The reader should set down exactly the lines from the one containing "Cravate en coton" through the last line of the material, omitting every picture.
------ Supplied material
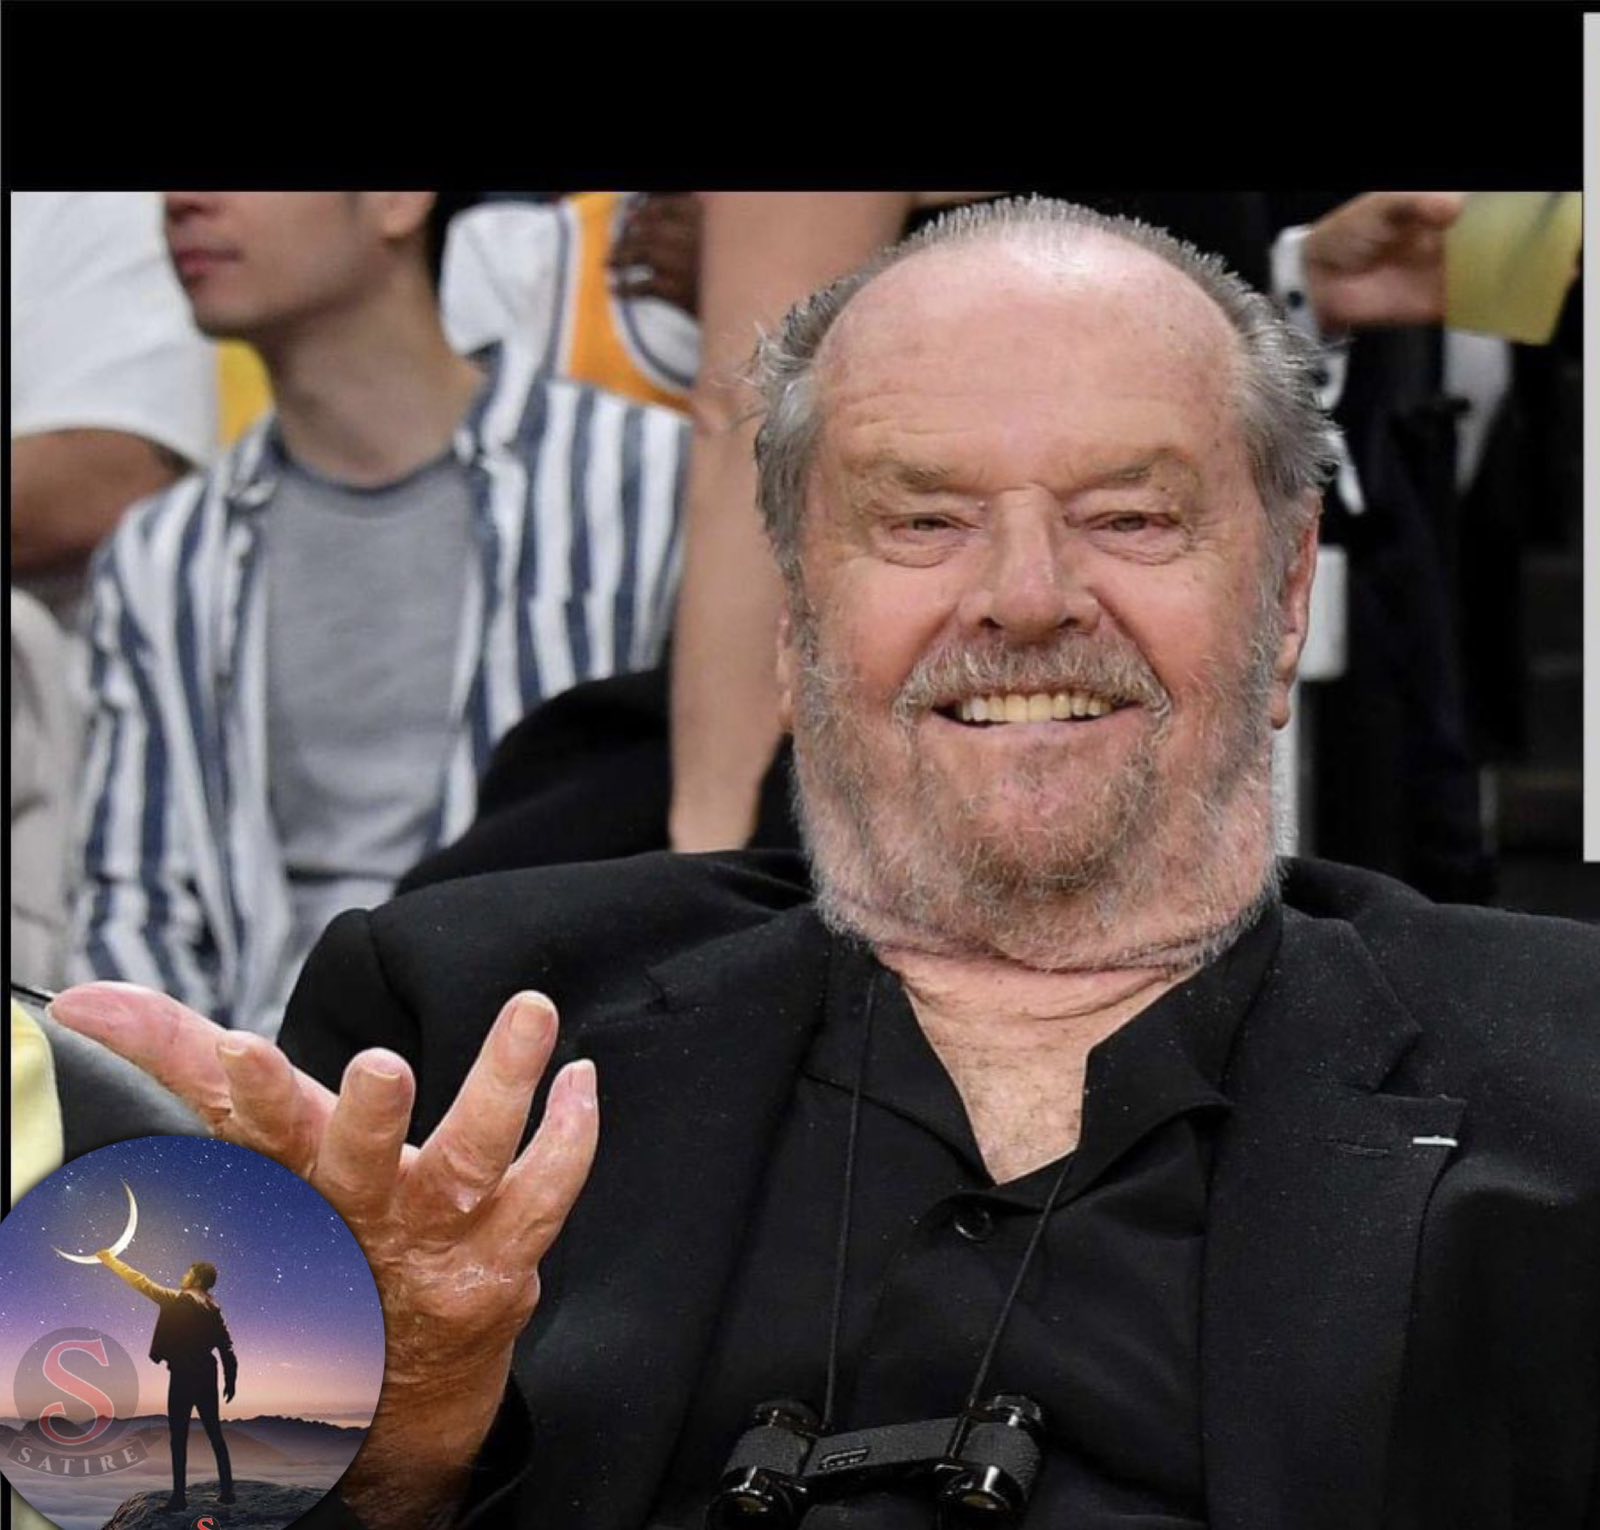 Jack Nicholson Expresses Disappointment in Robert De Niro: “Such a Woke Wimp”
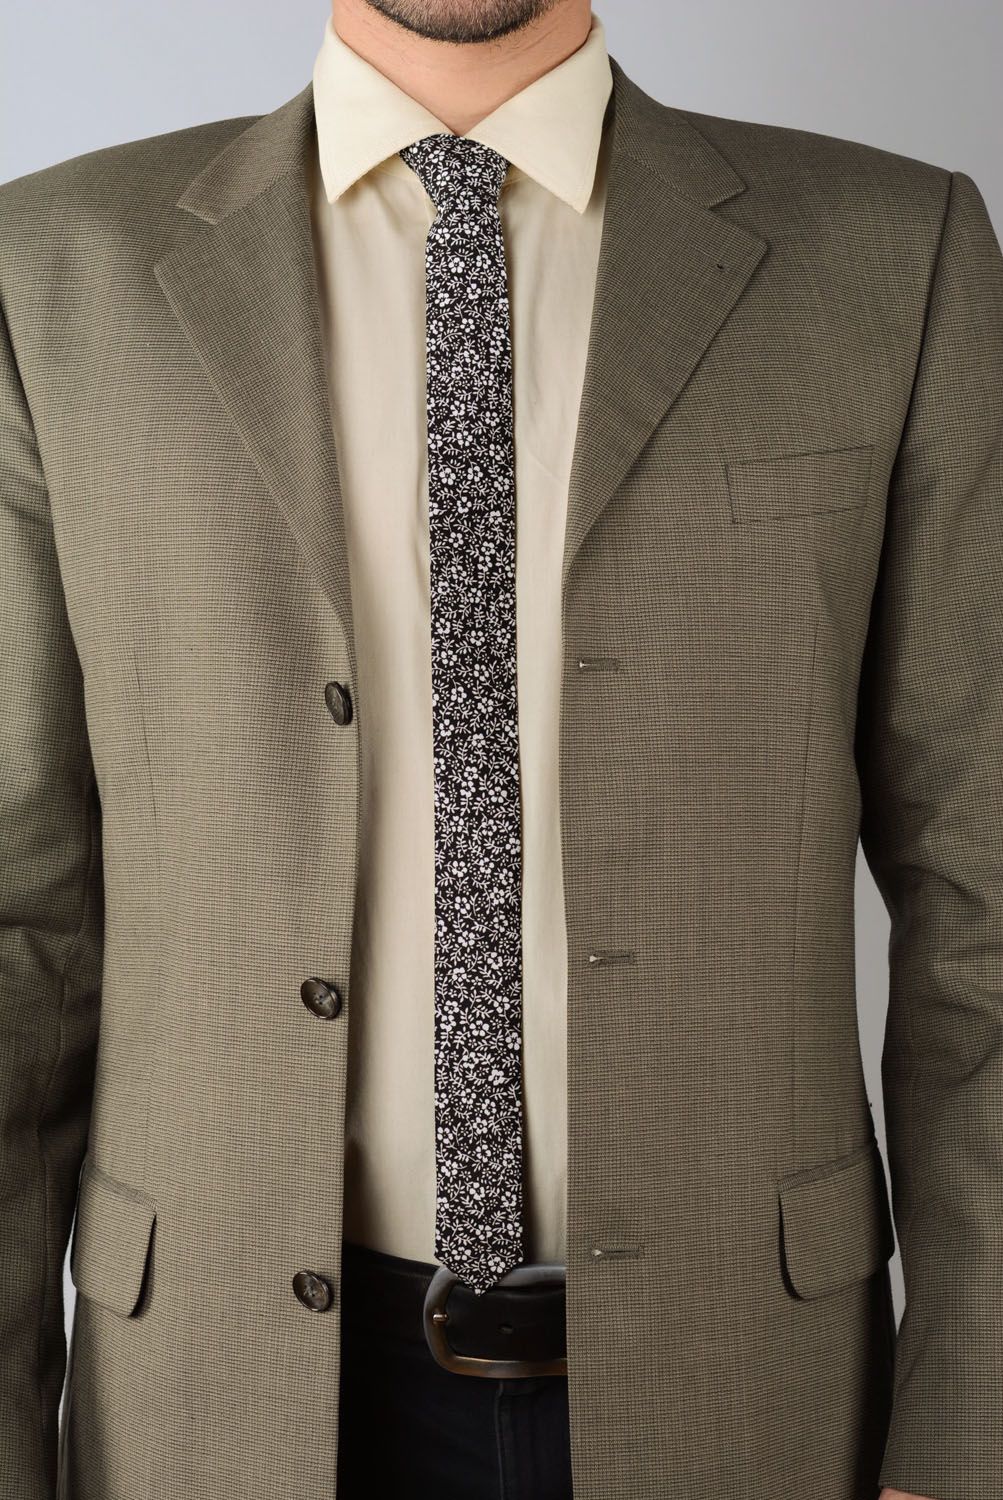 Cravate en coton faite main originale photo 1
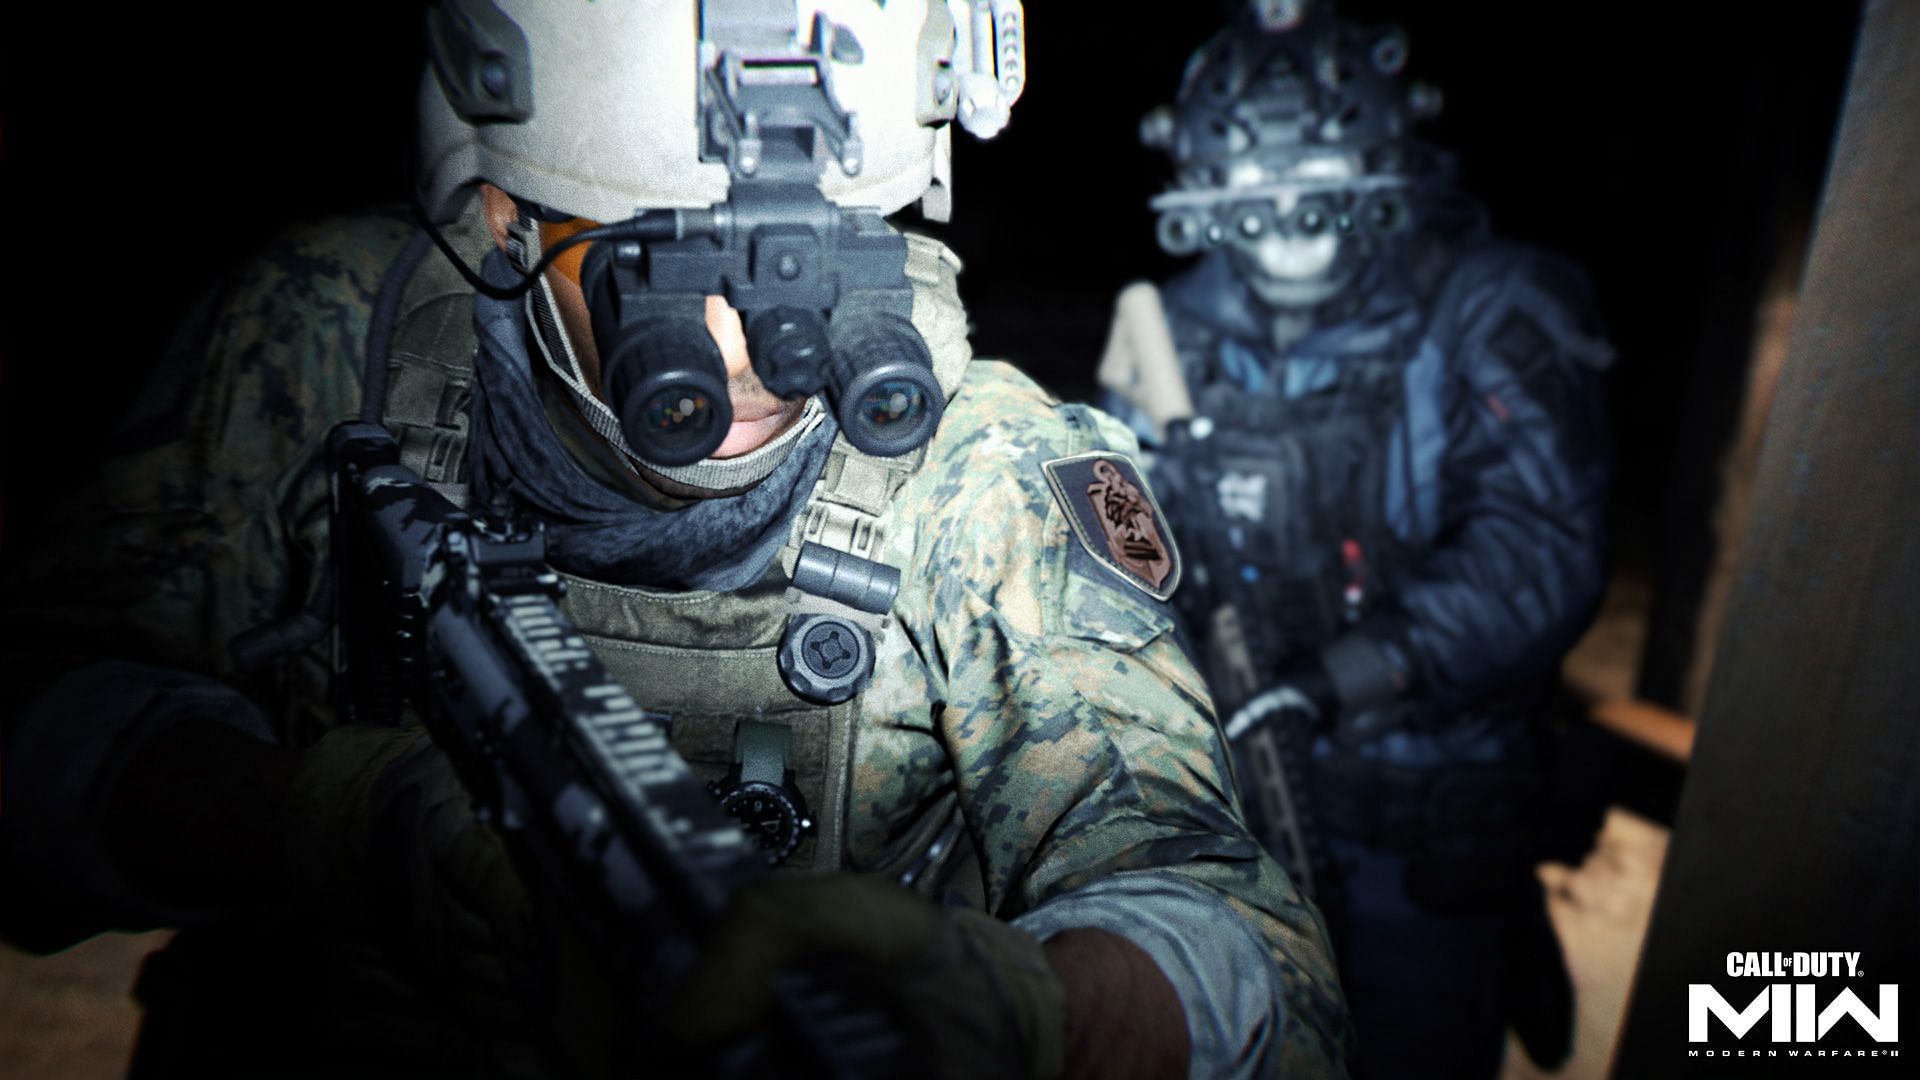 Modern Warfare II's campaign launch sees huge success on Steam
------------
Output for this task:
 Cravate en coton faite main originale photo 1
 Modern Warfare II's campaign launch sees huge success on Steam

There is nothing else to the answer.